At the atomic level, a single atom “belongs to something” as long as nothing kicks it out of place. It’s like playing with a grape inside a bowl:
If someone gives you a grape on a bowl, as long as you’re careful, you can move the bowl and the grape and it will never fall off and “the grape belongs to the bowl.
If you’re not careful or if you move the grape or the bowl too fast, the grape *might* fall of, and then “the grape no longer belongs to the bowl”
**Atoms are like grapes** and **molecules are like bowls**, but ***the bowl is also made of grapes that also are bowls***. Weird, right? We need to read that sentence again to try to understand!

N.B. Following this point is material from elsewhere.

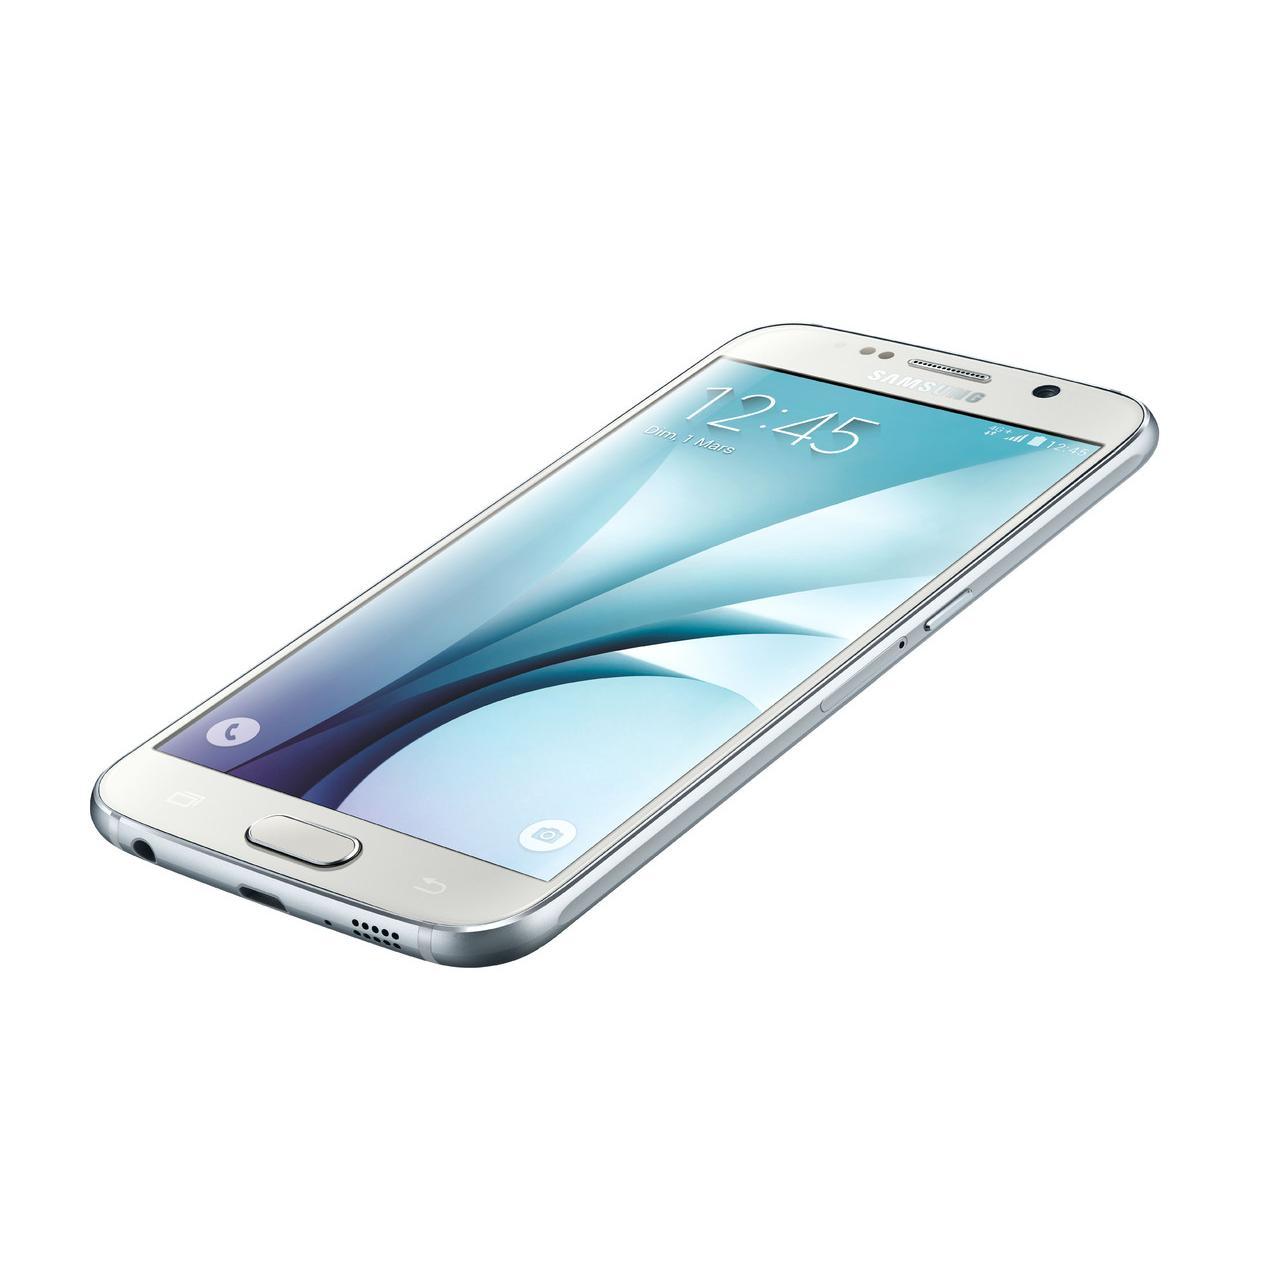 Galaxy S6 64 Go - Blanc - Débloqué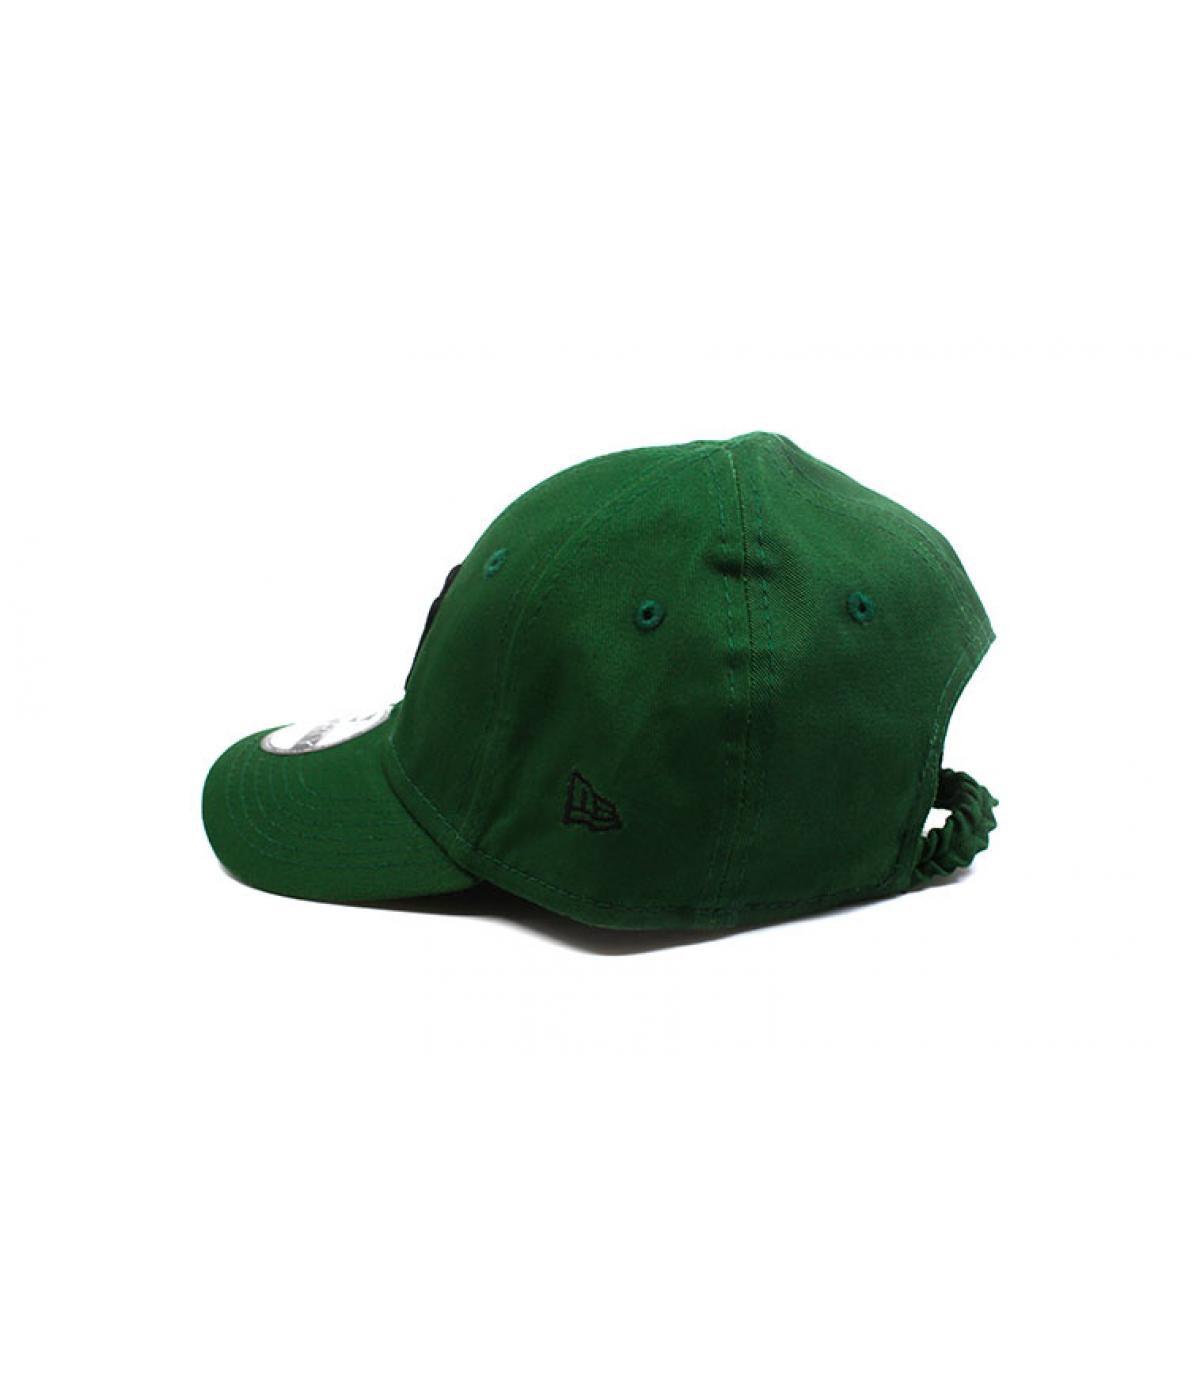 Details Infant League Ess NY green black - afbeeling 4

If we think about paper, a single atom of paper is “inside a bowl made of paper atoms”, and unless you kick it with enough force you won’t be able to take that paper atom out. That’s because “the paper atoms that make the bowl” don’t let the paper atom escape.
Scissors work by pushing the atoms in the paper with enough force to take them out of their bowls. They do it in a way where only a few stops in the paper are pushed, and they are all close enough that you can separate the paper into two pieces.
We can think about it as a bunch of eggs on carton holders, the kind that can hold 100 or 144 eggs at a time:
Think about every egg as a single paper atom. If you start pushing eggs from a line or column, your hand becomes like a scissor that cuts trough paper.